Another idea was inspired by the British television show Embarrassing Bodies. Vodafone Ghana launched a programme featuring doctors answering questions on screen that became a top three show in the west African country. Andrew Dunnett, head of Vodafone’s charitable foundation, says that the use of what developed nations now consider to be basic communications services — such as texting and money transfers — can have a profound effect in parts of Africa. M-Mama, a decade-old programme, uses M-Pesa, Vodafone’s basic mobile money transfer service, to fund bus tickets for the transport of fistula-suffering women in rural Tanzania to Dar es Salaam for treatment. It was expanded five years ago to pay for taxis to local hospitals.

Backed by $15m from USAID, the US development agency, the programme has helped more than 8,000 women in the rural lake zone of the east African country since 2015, and has been expanded to Lesotho and Ghana.

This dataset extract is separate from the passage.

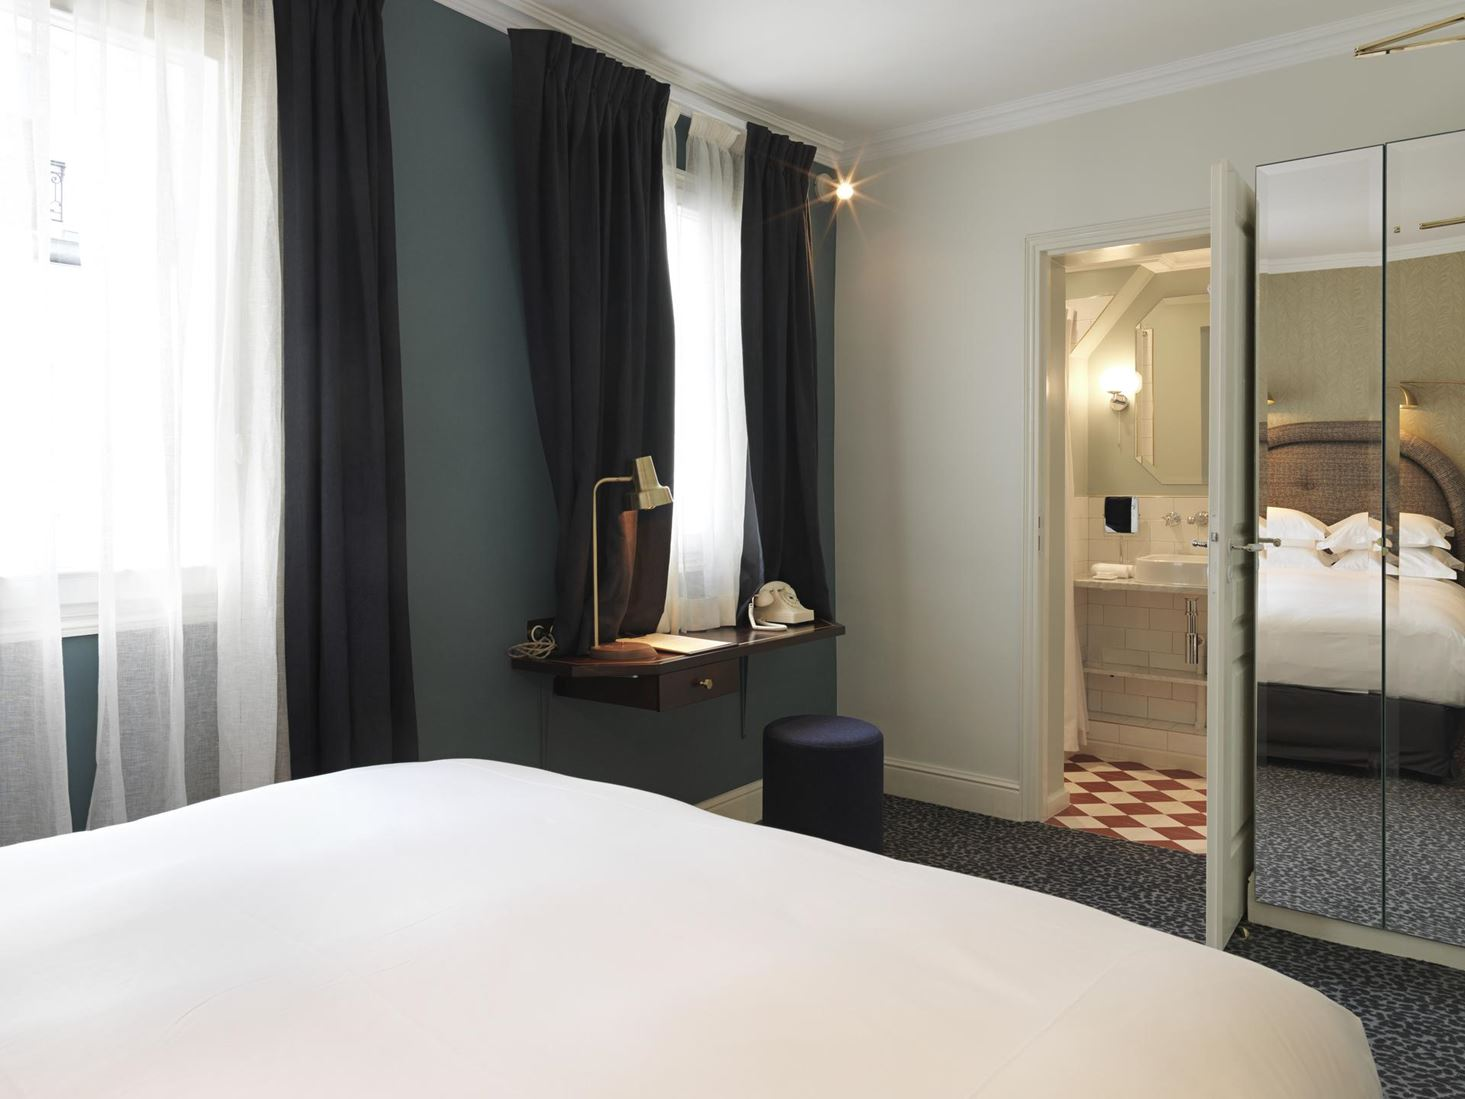 camera da letto - Mansarda.it

The contrast between the quasi-ambulance service using local taxis and the vision of the “smart ambulance” that was presented by British telecoms companies launching 5G services could not be starker. In that yet-to-be-fulfilled vision, the ambulances are equipped with video-conferencing services to connect to doctors in the hospital as well as 5G tablets and high-end imaging equipment.

Dunnett says that the existing infrastructure can make a huge difference. “The simpler the application, the more meaningful it can be in terms of lives saved.”